Все представленные программы построены на одном антивирусном движке и разнятся только дополнительным функционалом. Так, в состав Acronis Antivirus 2010 включено всего четыре компонента - антивирус, антифишинговый модуль, а также инструменты для обеспечения конфиденциальности пересылаемых посредством IM-месседжеров сообщений и защиты домашней сети. Начинка Internet Security Suite 2010 уже посерьёзнее и побогаче: антиспам, брандмауэр, родительский контроль и прочие вкусные плюшки типа игрового режима, экономии энергии при работе ноутбука от аккумуляторов и т.п. В комплексных решениях Backup and Security 2010 предусмотрено все то же самое, включая дополнительные механизмы шифрования данных, создания резервных копий файлов и их переноса в онлайновое хранилище объемом 5 Гб (250 гигабайт в редакции Premium).








Интерфейс анонсированных "Акронисом" продуктов типичен для большинства систем обеспечения компьютерной безопасности. Разнесённые по вкладкам элементы управления, акцентирующая внимание пользователя на важных с точки зрения защиты вещах информационная панель Dashboard да модуль настроек, открывающийся в отдельном окне. Ничего инновационного - всё, повторимся, как и в антивирусных продуктах конкурентов. Просто и со вкусом.

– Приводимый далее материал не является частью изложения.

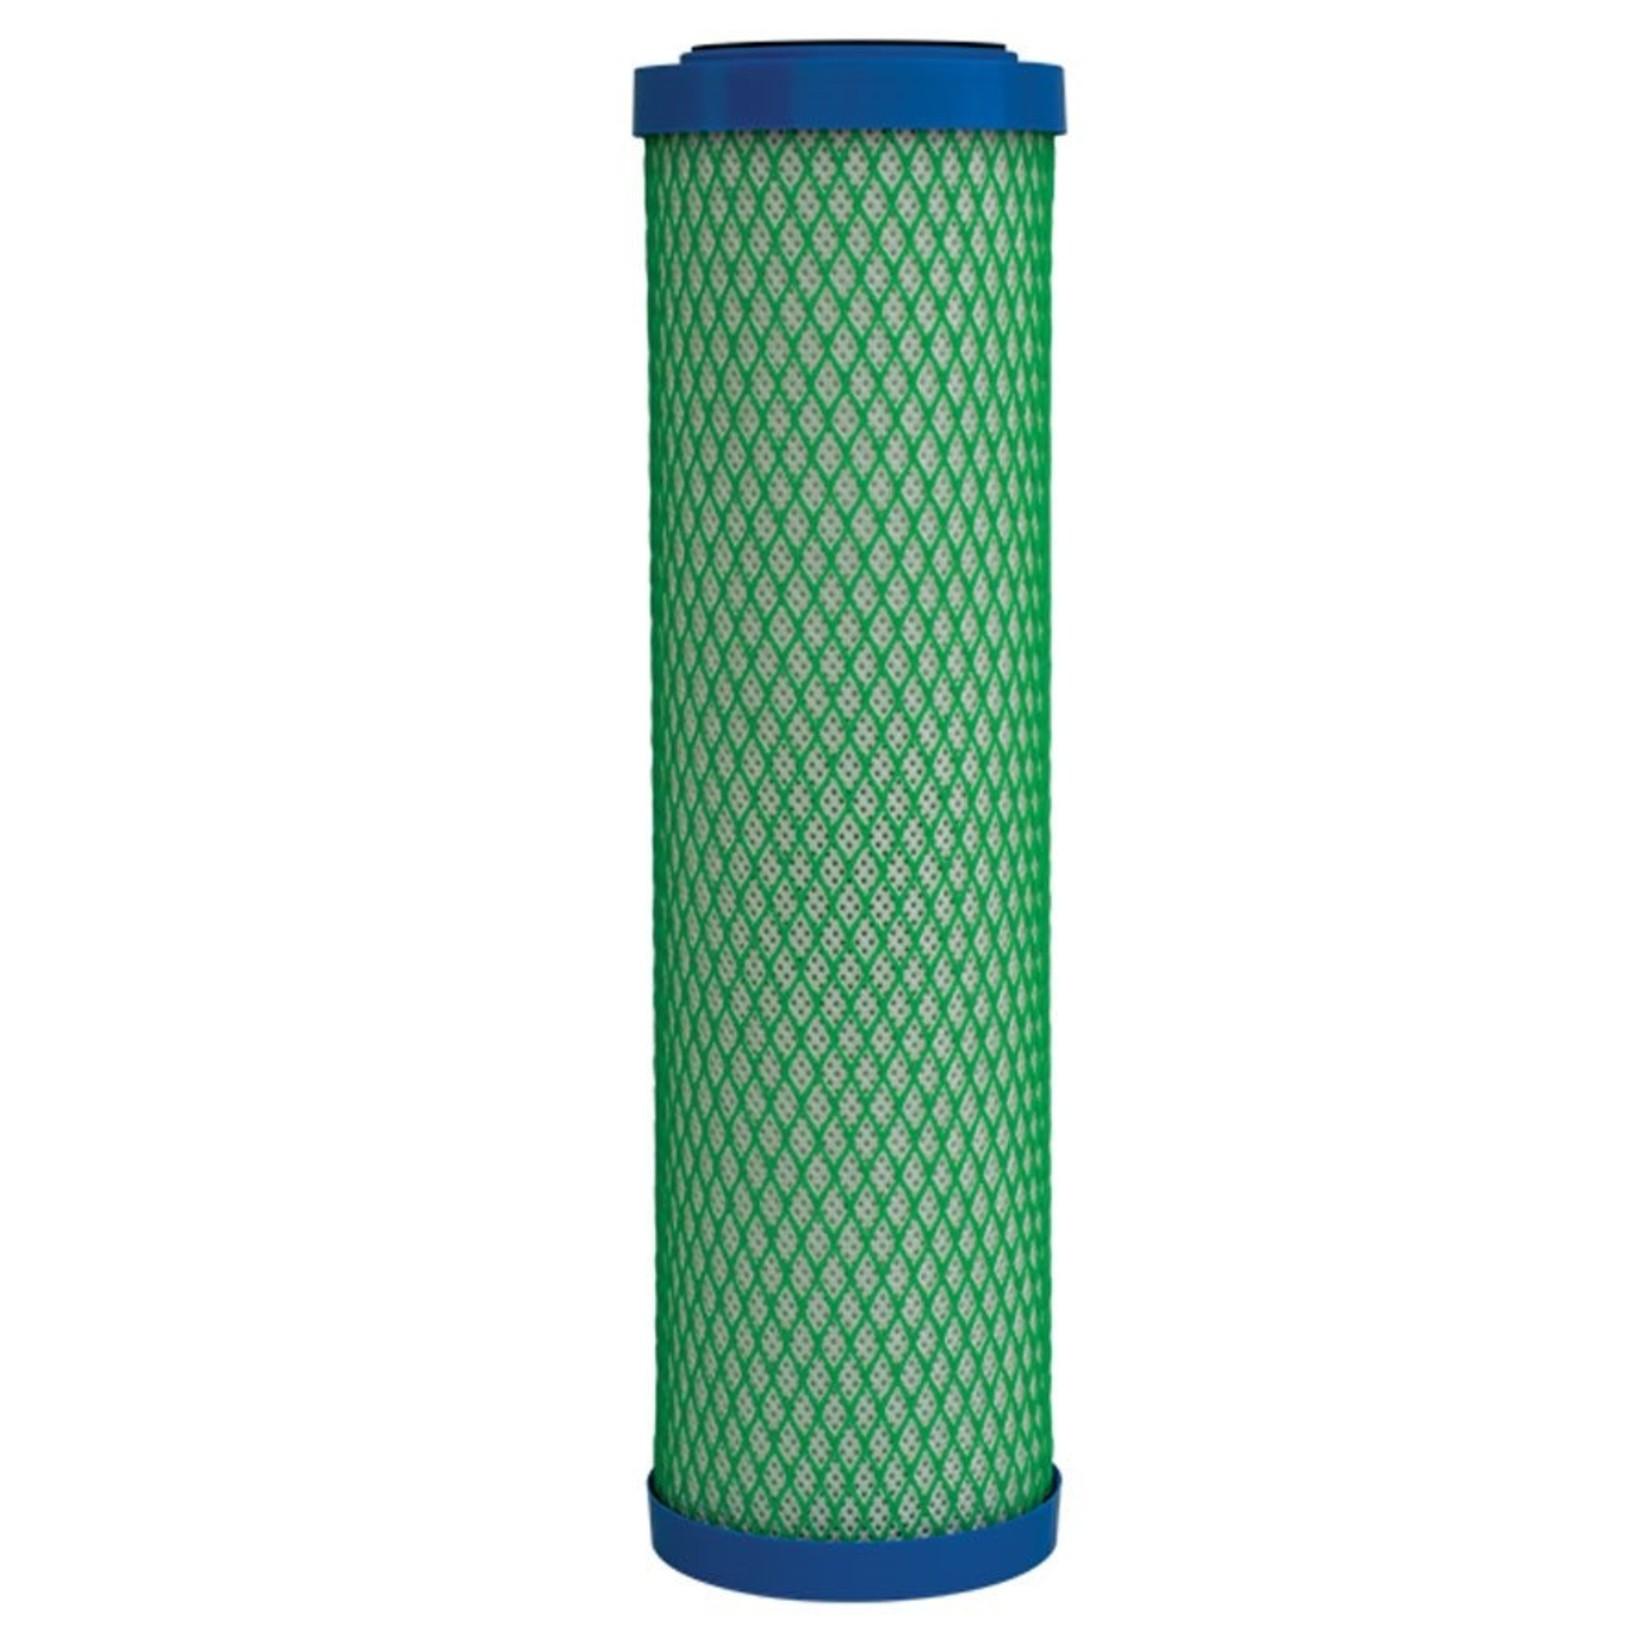 Hydrologic HYDROLOGIC STEALTH-RO / SMALLBOY GREEN COCO CARBON FILTER

Ничего принципиально нового нет и в лежащем в основе антивирусных программ Acronis движке, лицензированном у компании BitDefender. Этим, собственно, и объясняется разительное сходство акронисовских приложений с румынским антивирусом. Специалисты "Акрониса" только изменили логотип в интерфейсе оригинальной программы плюс внедрили компоненты для шифрования данных и создания бэкапов с возможностью последующего складирования их на сетевой диск. В компании убеждены, что симбиоз антивирусного решения и зарекомендовавших себя инструментов резервного копирования хранящейся на компьютере информации обеспечит новинке популярность на давно устаканившемся рынке. 

Иного мнения придерживаются старожилы рынка антивирусного ПО. "Новое решение Acronis, бесспорно, представляет интерес для рынка резервного копирования как продукт с ранее нехарактерным функционалом защиты от внешних угроз, - говорит Анна Александрова, директор по маркетингу компании ESET. - Однако, комментировать какую-либо возможность его влияния на ситуацию на антивирусном рынке, конечно же, не приходится. Я вообще сейчас плохо представляю, что может резко изменить ситуацию на антивирусном рынке, особенно, в России. Ведь если что и должно было оказать влияние - так это выход бесплатного антивируса Microsoft Security Essentials. Но ведь воз и ныне там". По предположению Анны, рынок сейчас в достаточной степени стабилен, и каких-то радикальных изменений в ближайшее время ждать не приходится. Виталий Янко, коммерческий директор компании Agnitum, одним из направлений деятельности которой является лицензирование/ребрендинг технологий для сторонних разработчиков, считает, что акронисовский "ответ Чемберлену" связан с острой потребностью Acronis расширить продуктовую линейку backup- и encryption-решений и продать их потенциальным потребителям как антивирусный комплекс класса Total Security под своей маркой. "Мы в Agnitum знакомы с такой практикой", - резюмировал представитель компании "Агнитум". 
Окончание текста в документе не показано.